SWIFtS researchers and forecasters conduct daily data analysis and processing to provide accurate information on the SWIFtS website for the user. For this reason, the data availability from space weather observation instruments is continuously updated to maintain information. At the background process, SWIFtS are supported by the data storage system that collects the data from various instruments installed on observatory stations spread throughout areas in Indonesia. The daily information provided by SWIFtS requires the data storage system to be continuously running well. The existing system implements the client-server hierarchy based on the centralized model. However, the process that has been running did not meet our expectations. The delay in data updating on the server is a significant issue and causes problems when researchers need the latest data, but the server is unable to provide it. For instance, the Canadian Advanced Digital Ionosonde (CADI), which is a special radar for studying ionized parts in the Ionosphere. Almost every day, its data from Biak observatory that formed every 15-min gets delayed more than 30 min when synchronized to the Bandung server. This is due to the centralized model that is implemented in the current system. Each time a personal computer (PC) collects data from the instrument, it sends the data to a server located in the observatory stations.

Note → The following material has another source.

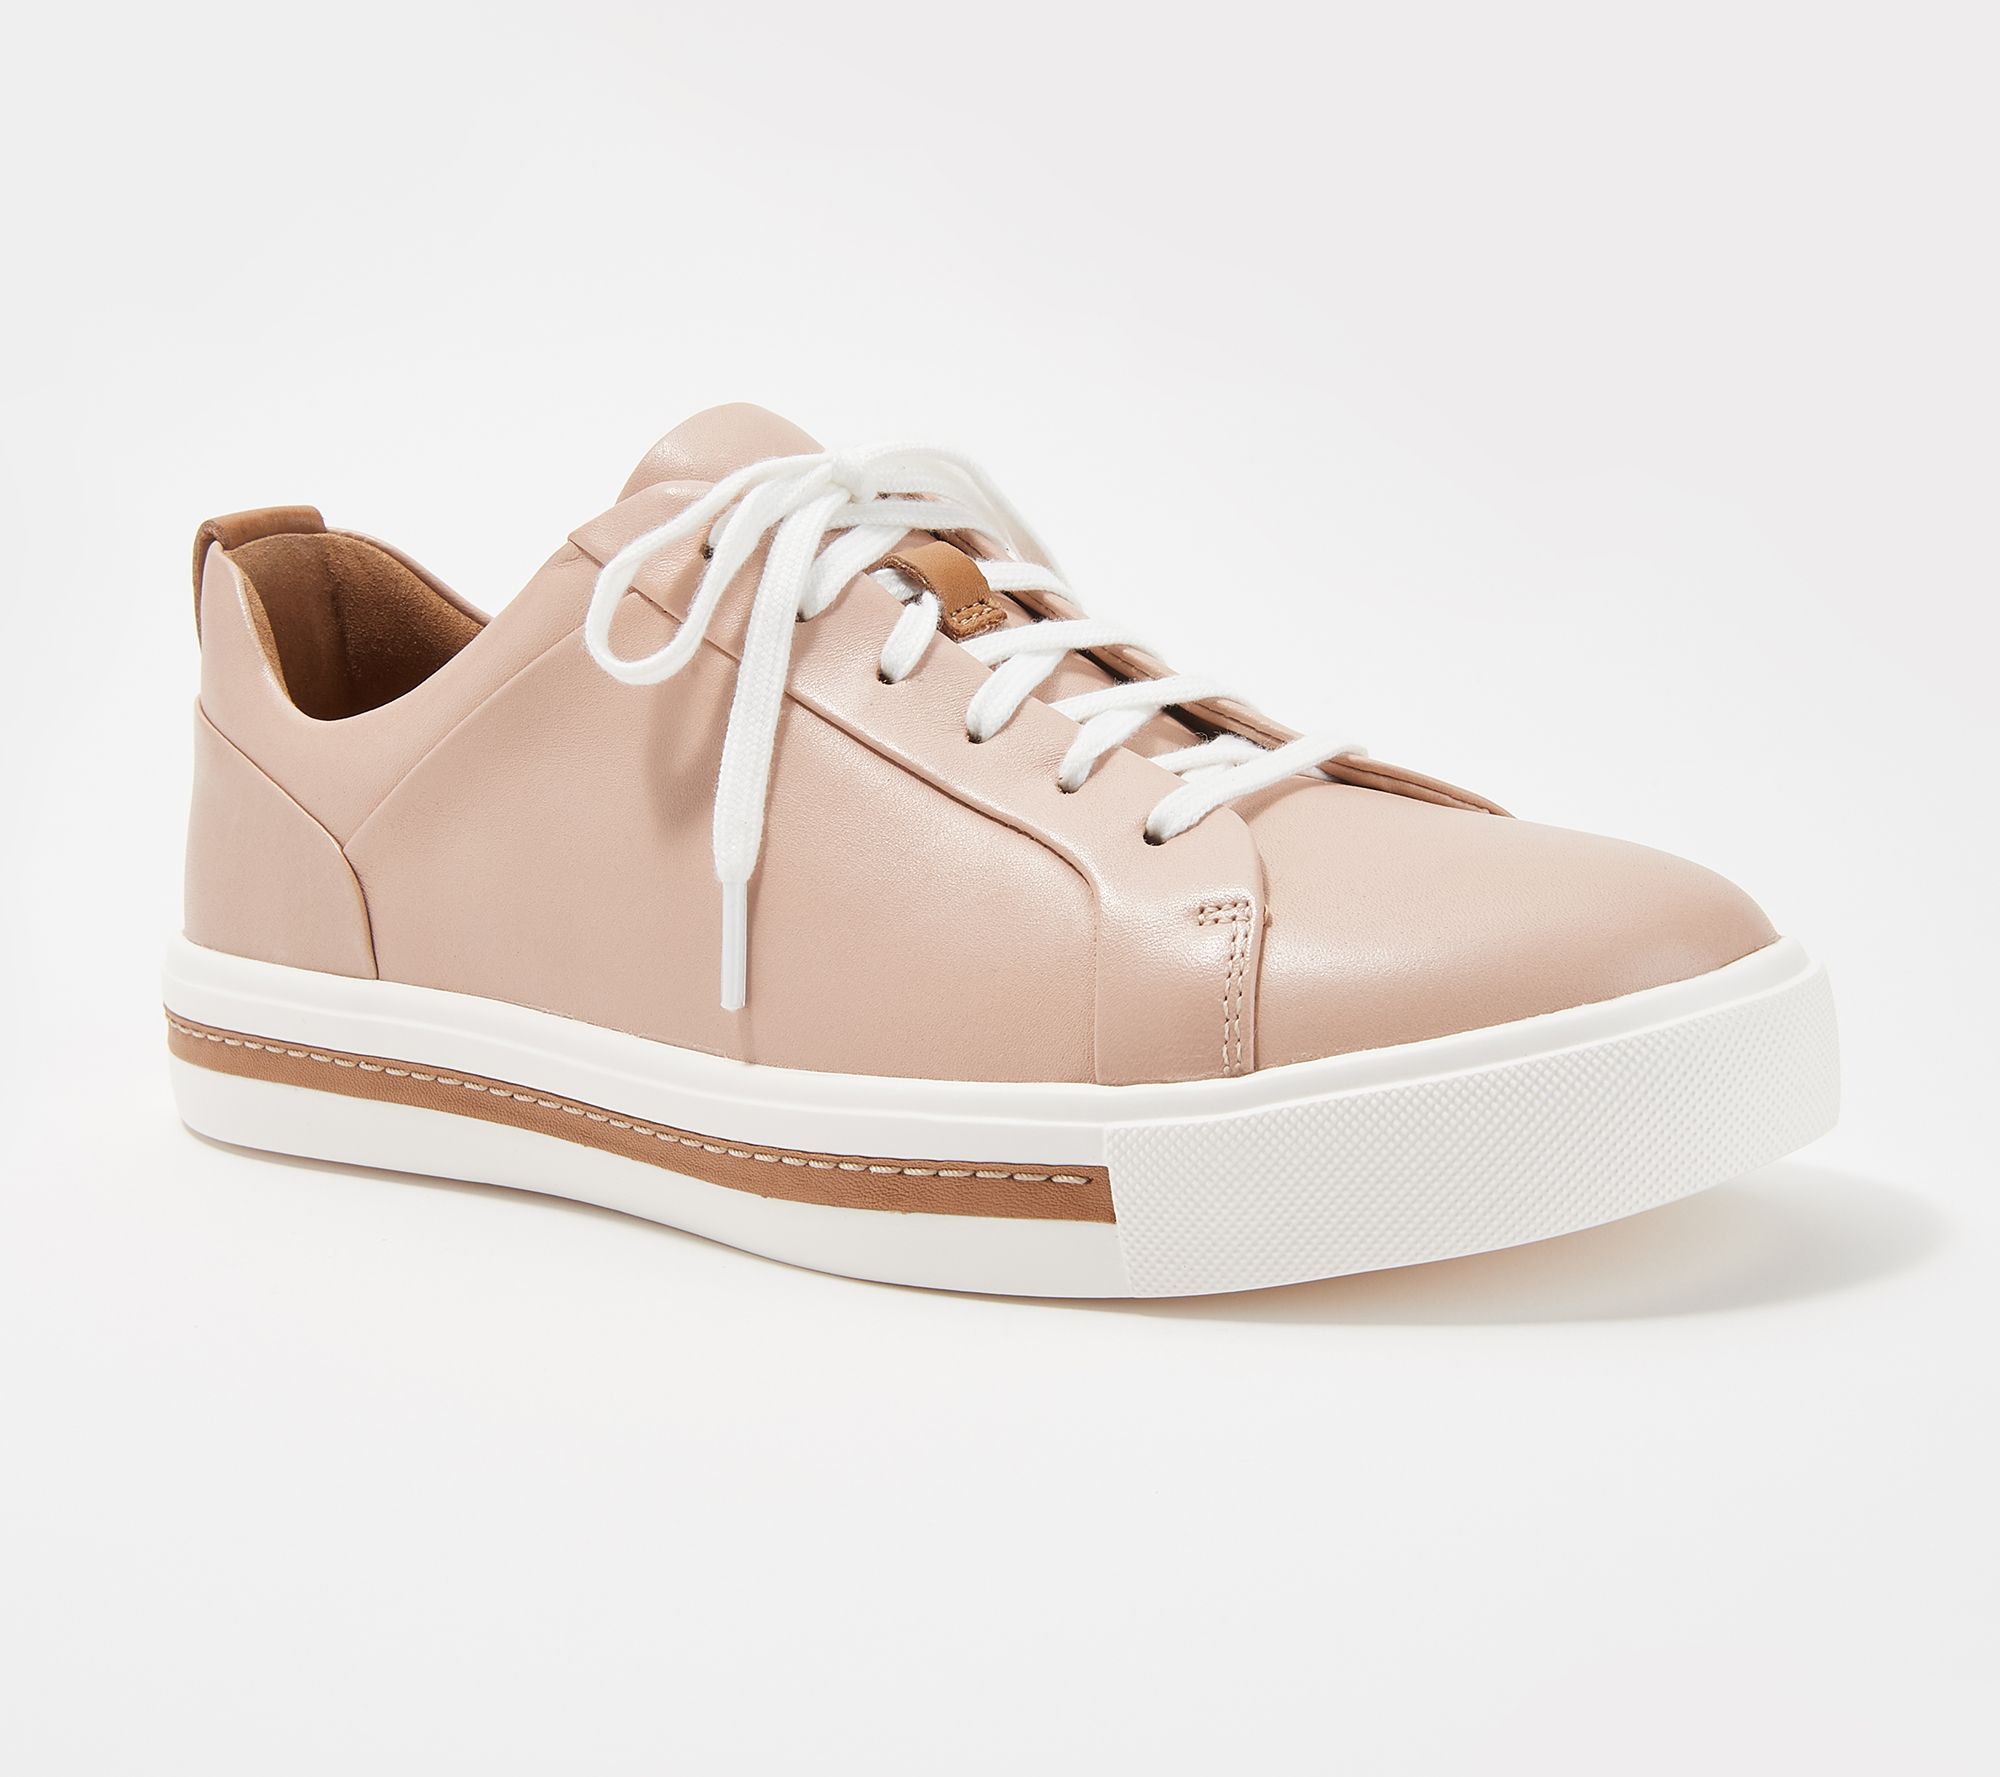 clark leather sneakers

The rapid growth of data provides great benefits for its users; thus, data is becoming a valuable asset and must, therefore, be properly maintained [3,4]. In data production, LAPAN has eight observatory stations (hereafter referred to as sites) spread in different islands and one central data center (Figure 1). Researchers in Bandung, where the data center is located, need actual data for data processing and making forecasts to update the SWIFtS website. Problems arise when servers in Bandung must provide the latest data while the site server is down. The researchers have trouble conducting their research, and the renewal of information on the SWIFtS website is hampered.

Centralized data management is a conventional method to store data that relies on one single server. A major drawback of this approach is the data availability issue; access to data is limited only by server lifetime and the connection between the user and the server. Moreover, the centralized storage system can represent a high risk of data loss without an optimal backup system. Further investigation reveals that, in addition to being a single point of failure, other issues that cause data updating delay in centralized storage include heavy traffic volumes and link bottlenecks. Moreover, the instruments that have generated the latest data cannot update the server dataset, and the data growth increases daily, requiring adequate storage capacity.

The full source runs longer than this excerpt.